Convexity dependant hyperbolic filtering scheme for mode detection in pattern classification

  • Authors:
  • R. Allaoui;A. Sbihi

  • Affiliations:
  • Faculté des Sciences, University Ibn Tofaïl, LIRF, BP 133, 14000 Kénitra, Morocco. E-mail: abderrahmane.sbihi@caramail.com, rabha.allaoui@caramail.com;Faculté des Sciences, University Ibn Tofaïl, LIRF, BP 133, 14000 Kénitra, Morocco. E-mail: abderrahmane.sbihi@caramail.com, rabha.allaoui@caramail.com

  • Venue:
  • Intelligent Data Analysis
  • Year:
  • 2002

Quantified Score

Hi-index 0.00

Visualization

Abstract

Among most of the existing procedures for mode detection of the underlying probability density function (pdf), preliminary to unsupervised statistical clustering, the ones that research modes as regions where the pdf is concave remain very interesting approaches.
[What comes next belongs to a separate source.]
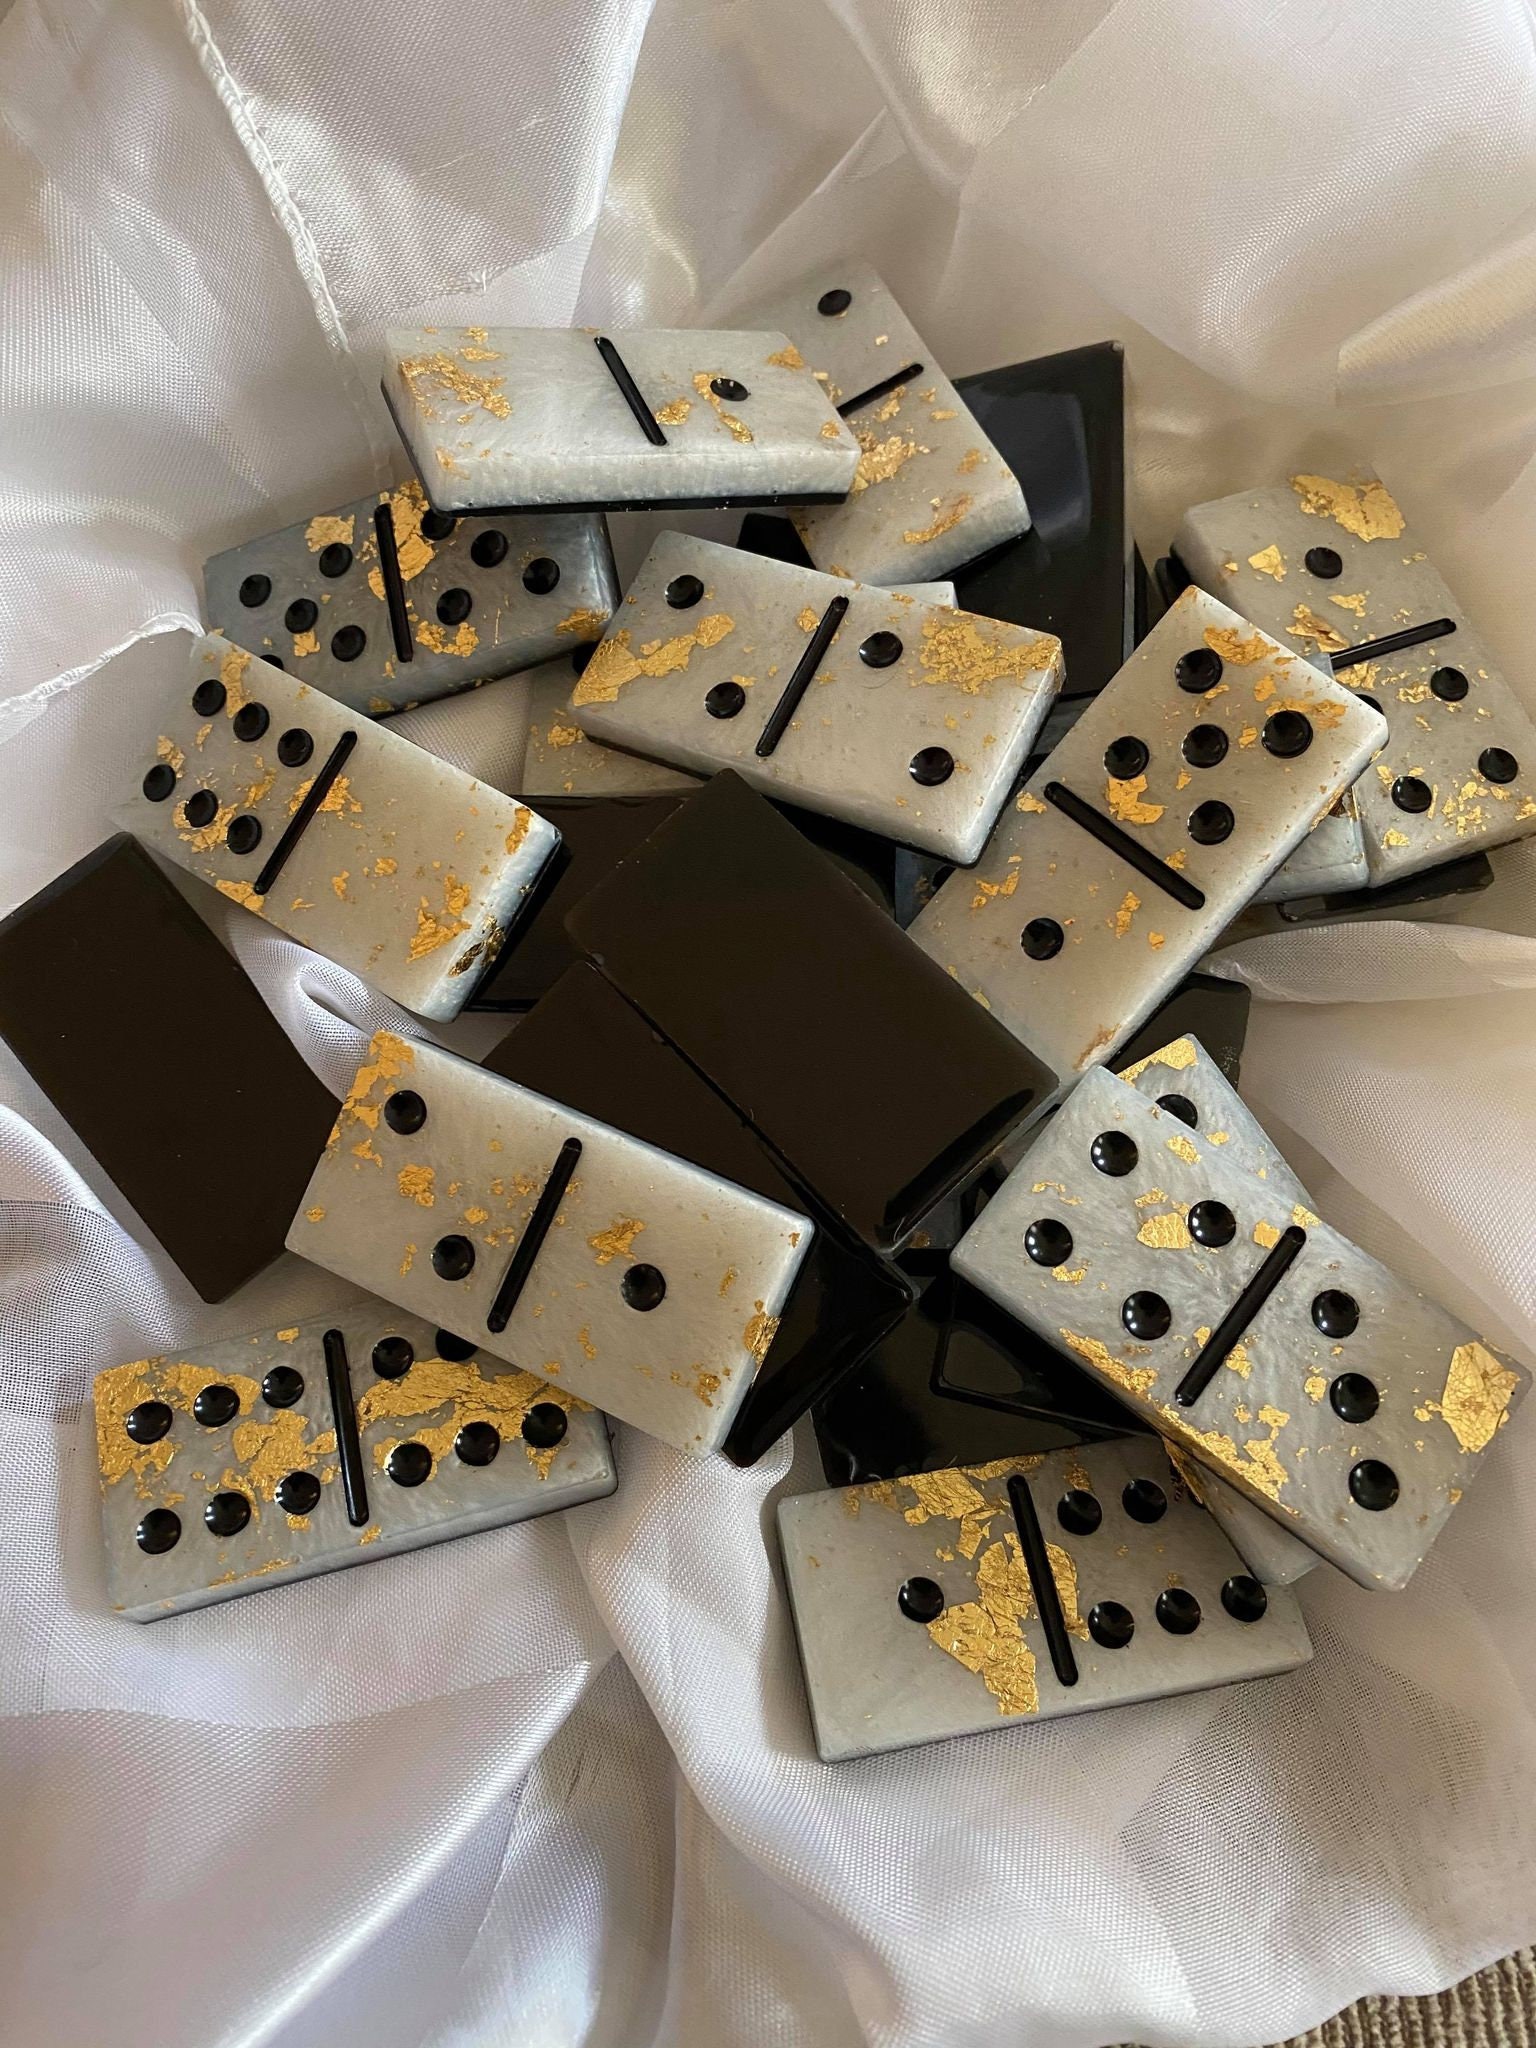 Domino couleur traditionnel - Jeu de dominos classiques en résine

These techniques make use of a test that determines locally the convexity of the underlying pdf from the input patterns. However, the test area of sampling points may straddle a boundary between a convex region and a concave one, so that the assumptions for the test of the local convexity can be violated. Furthermore, this local test of convexity is very sensitive to details in the data structure and would rapidly become impracticable as the dimensionality of the data increases. The present paper presents a new alternative based on the global convexity analysis instead the local convexity testing. A recursive separable hyperbolic filter, used as the principal tool for this proposed technique, is generalized to a multidimensional space. This filter is with a reliability criterion allowing to model as well the pdf variations as the noise attached to the density function. Based on the characteristic theorem of convexity, the proposed technique assigns the concave label to modal regions and the convex label to valleys of the pdf according to an adequate hyperbolic filtering scheme. Modes are then extracted as concave connected components corresponding to the clusters in the mixture, and are used to assign the available observations to the clusters attached to them. Experimental results, using real and artificially generated data sets with various complexities, demonstrate the effectiveness of the proposed method, which requires neither a starting classification, nor an a priori number of clusters or their distribution.